Nigeria, South Africa activate advisory council to boost trade, investment

By Kunle Sanni

Nigeria and South Africa have fully operationalized the Joint Ministerial Advisory Council on Industry, Trade, and Investment, a strategic move aimed at deepening economic cooperation between the two largest African economies.

South African President Cyril Ramaphosa announced the milestone on Tuesday during the Nigeria-South Africa Business Roundtable held in Cape Town.

The announcement was confirmed in a statement by Bayo Onanuga, Special Adviser to the Nigerian President on Information and Strategy.

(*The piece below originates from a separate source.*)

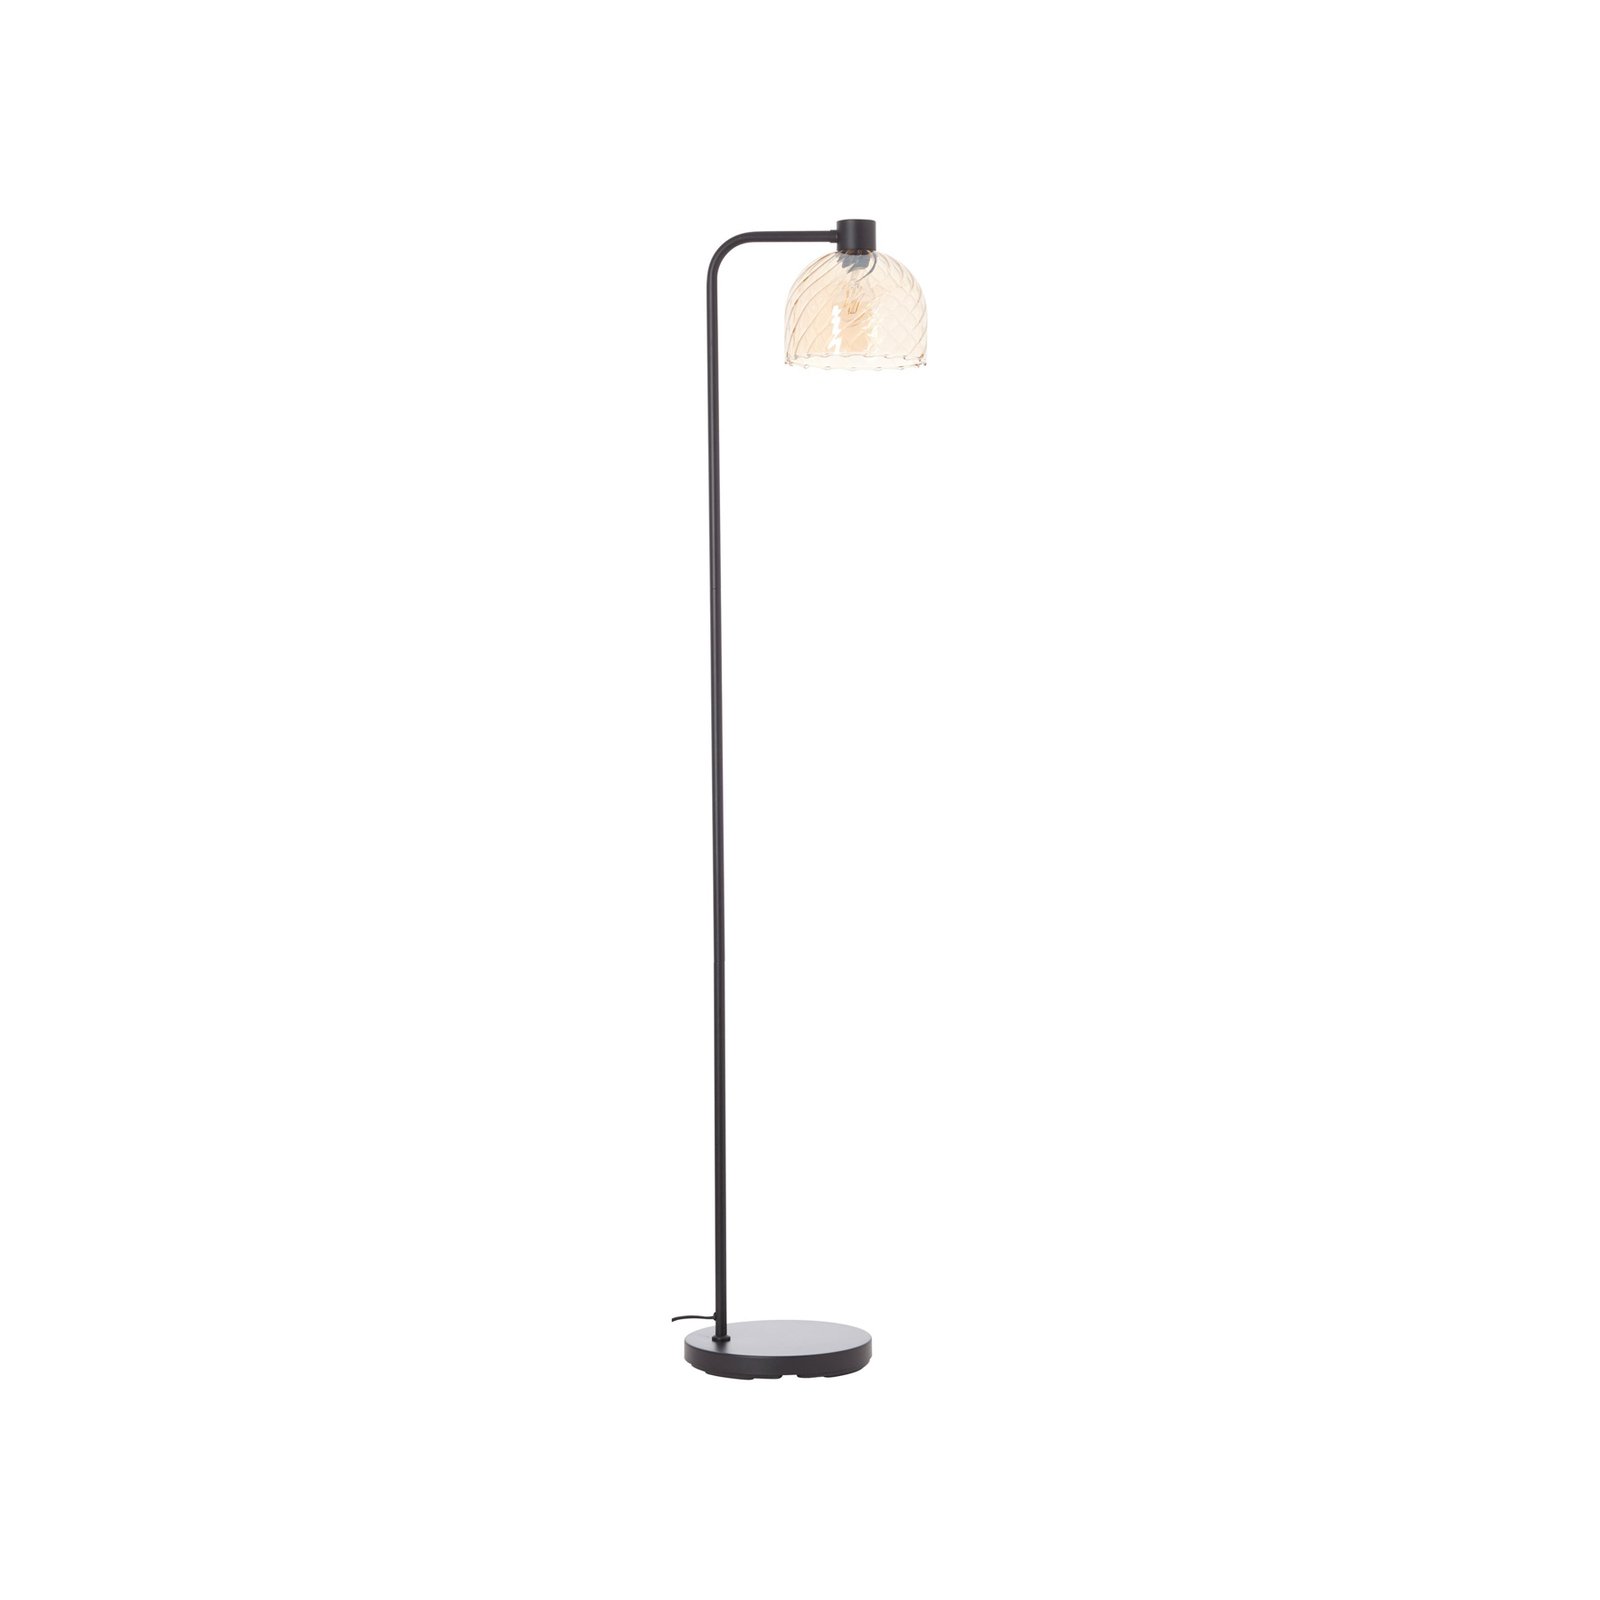 Casto gulvlampe, høyde 150 cm, rav, glass/metall

Speaking at the event, Nigerian President Bola Tinubu reiterated his administration’s commitment to creating an enabling environment for businesses. He assured South African investors of stability, security, and adherence to the rule of law, urging reciprocal actions to support Nigerian businesses in South Africa.

“Nigeria and South Africa are co-joined twins tied by the hips—not only for survival but for the prosperity of their people,” Tinubu stated. He added that Nigeria is undergoing “stringent but positive economic reforms” to foster sustainable development and attract investment.

“You have no better investment than in Nigeria. You cannot earn better returns on your investments elsewhere except in Nigeria,” Tinubu emphasized.

President Tinubu also pledged ongoing collaboration between Nigerian and South African officials to implement mandates outlined under the Bi-National Commission, a key framework for bilateral cooperation.

In his remarks, President Ramaphosa recalled that the Joint Ministerial Advisory Council on Trade was initially launched during his State Visit to Nigeria in 2021. The Council was established to address trade and investment challenges, align policies, and create a conducive environment for business growth in both countries.

“Today, we agreed on the full operationalization of the Council. This will support a conducive environment for improved trade and investment. Through the Council, we aim to efficiently resolve trade and investment-related challenges,” Ramaphosa said.

He also stressed the need to diversify trade relations beyond oil and gas, acknowledging South Africa’s trade deficit with Nigeria due to energy imports.

“South Africa runs a large trade deficit with Nigeria, mainly due to oil and gas imports. We need to diversify our trade to ensure a mutually beneficial partnership,” he noted.

Ramaphosa highlighted the significant presence of South African companies in Nigeria and expressed optimism about the increasing footprint of Nigerian businesses in South Africa.

However, he acknowledged the operational challenges faced by companies in both countries and emphasized the need to overcome them for expanded trade and investment.